If $c(x_{3}x_{3}^{'}) = j\geq s+1$, then $|C(x)\cup C(x_{3})|\leq s+1 = d(x)\leq\Delta$, we can color $xx_{3}$ with $\alpha$ for $\alpha\notin(C(x)\cup C(x_{3}))$, $G$ is acyclically edge $(\Delta+1)$-colorable, a contradiction.

If $c(x_{3}x_{3}^{'}) = j\in\{1, 2\}$, then it can be seen from the above argument that for each $\alpha\in\{s+1, \ldots, \Delta+1\}$, there are $(i, \alpha)_{(x, v)}$-bichromatic paths $(i = 1, 2)$. So $G-xx_{3}$ contains no $(i, \alpha)_{(x, x_{3})}$-bichromatic path $(i = 1, 2)$ for each $\alpha\in\{s+1, \ldots, \Delta+1\}$, we can color $xx_{3}$ with $\alpha$, $G$ is acyclically edge $(\Delta+1)$-colorable, a contradiction.
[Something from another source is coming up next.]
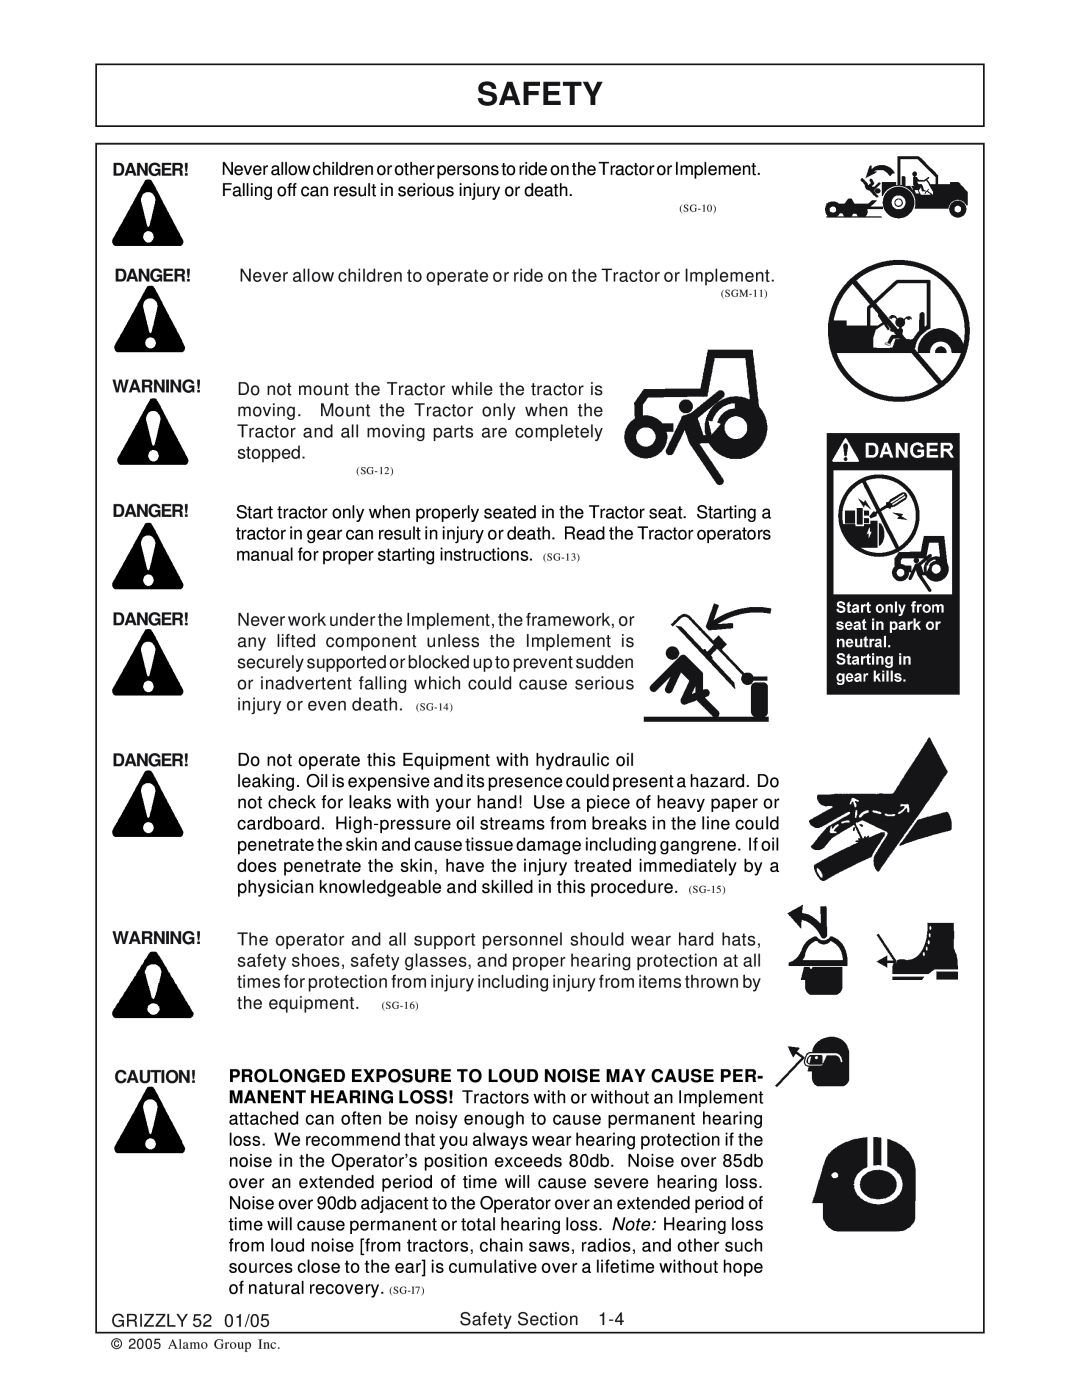 Grizzly 52 manual Safety, Danger Danger

If $c(x_{3}x_{3}^{'}) = j = 3$, then we can color $xx_{3}$ with $\alpha$ for $\alpha\notin(C(x)\cup C(v))$ since $|C(x)\cup C(v)|\leq s+1 = d(x) < \Delta+1$, $G$ is acyclically edge $(\Delta+1)$-colorable, a contradiction.

If $c(x_{3}x_{3}^{'}) = j\in\{4, \ldots, s\}$, then we can recolor $xx_{3}$ with $\alpha$ for $\alpha\notin(C(x)\cup C(x_{j}))$ since $|C(x)\cup C(x_{j})|\leq s+1 = d(x) < \Delta+1$, $G$ is acyclically edge $(\Delta+1)$-colorable, a contradiction. Hence, there are $(1, i)_{(x, v)}$-bichromatic paths via $x_{1}$ and $y$ for each $i\in\{3, 4, \ldots, s\}$, which implies that $\{1, 3, 4, \ldots, s\}\subseteq C(x_{1})$.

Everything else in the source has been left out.